Industrialization and urbanization have increased the demand for food establishments and food processing units. Contamination can happen anywhere in the food supply chain. Sometimes environmental factors like pollution lead to food contamination but more often it is inadequate knowledge on the part of food handlers that leads to food contamination in processing and packaging units. In the food sector besides the larger food processing and packaging unit there are a number of small scale processing units that are not well informed about the food safety and food contamination. Inadequate infrastructure, poor supply of potable water, inadequate cooling and storage facilities besides unhygienic handling of processed foods are some of the leading factors that result in contamination which cause foodborne illnesses.
Food Safety & Quality
The managements of food processing and packaging units need to understand the importance of having a quality and safety system which is in keeping with the FSS Act, Rules & Regulations. The Schedule 4 of the FSS (Licensing & Registration of Food Businesses) Regulations, 2011 has defined the guidelines for general & specific sanitary & hygienic conditions for all FBOs including that for processing & packing units. Food Safety & Hygiene system should be such that there is proper
- Examination of raw materials to ensure that it is not contaminated with pesticide residues and/or enteric pathogens. Ensure that raw material is coming from farms that use clean irrigation water and which are managed as required by food safety norms
- Ensuring hygienic conditions right from the area of food production till it reaches the customer
- Identifying stages where contamination can take place in the processing units and ensuring that controls are in place that work effectively.
- If the processing equipment, packaging and storage as applicable are not examined for hazards regularly it could lead to contamination
- Contaminated water is another risk factor in the spread foodborne illnesses. It is important to send the water samples for microbial analysis as frequently as required by regulations especially if the water comes from wells or private sources.
Possible Animal Hazards
Foodborne illnesses can spread from animals to the food supply chain from the flesh, milk or eggs of the living animals. Food can be contaminated from the excreta of animals and so it is for this reason that
- animals like cats, dogs, birds and cattle cannot be allowed inside the processing units
- the processing unit should be free of pests, cockroaches, flies, rodents
- Screen must be used in the packing areas to keep insects and animals away
Bacteria and microbes in animal faeces can also contaminate the environment in which they live like in slaughter houses.
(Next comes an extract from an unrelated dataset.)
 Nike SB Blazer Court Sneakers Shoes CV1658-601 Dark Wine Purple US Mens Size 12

Since animal hides can contain pathogens they need to be kept clean by regular washing. Raw meat cannot be allowed to become infested with contaminants from animal intestines in meat processing units. In areas where chicken is slaughtered hot water is required to dip the birds to remove feathers that contain pathogens.
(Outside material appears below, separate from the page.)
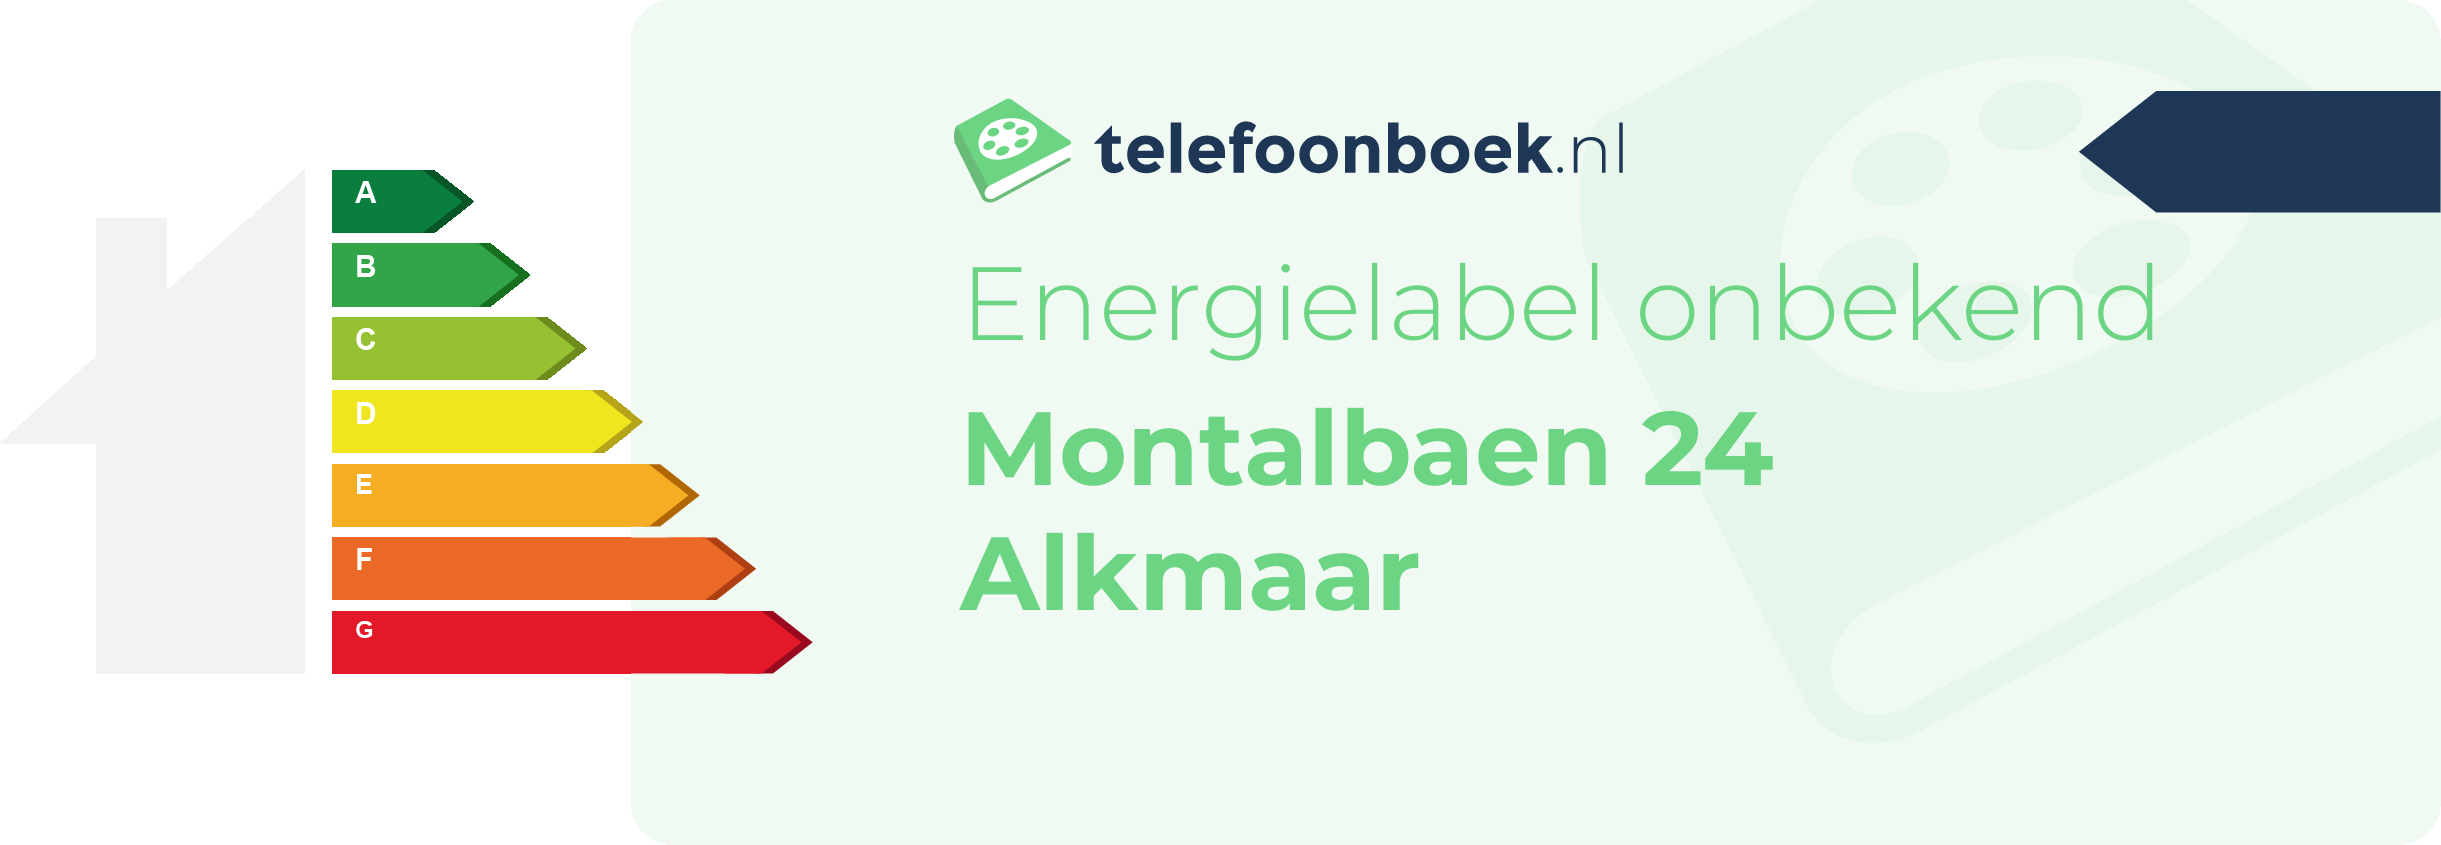 Energielabel Montalbaen 24 Alkmaar

A facility that is poorly designed is a health hazard.
- If toilets face the packing area then contaminants can spread from the toilets to the food. Toilets and hand washing facilities must be separated from the processing and packing areas
- If the processing and packing unit is open then the dust can enter foods.
- Drainage facilities that do not drain out water or that leave the floor wet are hazardous.
- Floors and walls that are cracked and which absorb water are prone to moulds that can spread pathogens to foods
Spread of foodborne diseases from human being
The most common pathogens that are transmitted by food handlers are Norovirus, Salmonella and Hepatitis A virus (HAV). If humans are infected then the pathogens can spread to food through poor personal hygiene practices and improper hand washing especially after toilet use.
Training is an important aspect for the spread of foodborne diseases and so all staff must be trained in food hygiene as well as personal hygiene
- All employees handling food in the processing as well as the packing unit need to be healthy and free from contagious diseases. They need to be examined by a doctor from time to time.
- Employees need to be instructed in the proper method of washing hands and drying. All food handlers need to wash their hands after they leave the processing and packing area and when they re-enter. Washing hands after using toilet has to be monitored strictly.
- They need to wear clean clothes, use gloves and caps if required to ensure food safety and change their outdoor shoes for indoor shoes if that is required
Fruit and vegetable used in food processing
If fruit and vegetables are not cleaned and sanitized prior to food processing then they can spread foodborne diseases as deterioration in these raw foods sets in very quickly. Unlike other processed foods, raw vegetables and fruit can be kept safe only with washing properly and maintaining the right temperature before processing and ensuring personal hygiene of food handlers
- Was fruit and vegetables in potable water
- Maintain appropriate levels of chlorine in the tanks in which fruit and vegetable is washed
- Examine and adjust chlorine level if it falls below required levels
- Wash and sanities crates and boxes for packing fruit and vegetables or when reusing
- Ensure that raw fruit and vegetable is being transported appropriately
The WHO slogan for World Food Safety Day this years is “from farm to plate keep food safe” so the need to prevent food from contamination starts at the farm level, where food is harvested and slaughtered, and continues with transportation of raw material to the processing and packing units. Food safety before processing is as important as packaging and transportation to the market. Reducing foodborne infections by making food safer is the result of efforts by many partners in the food chain as also in the food safety system.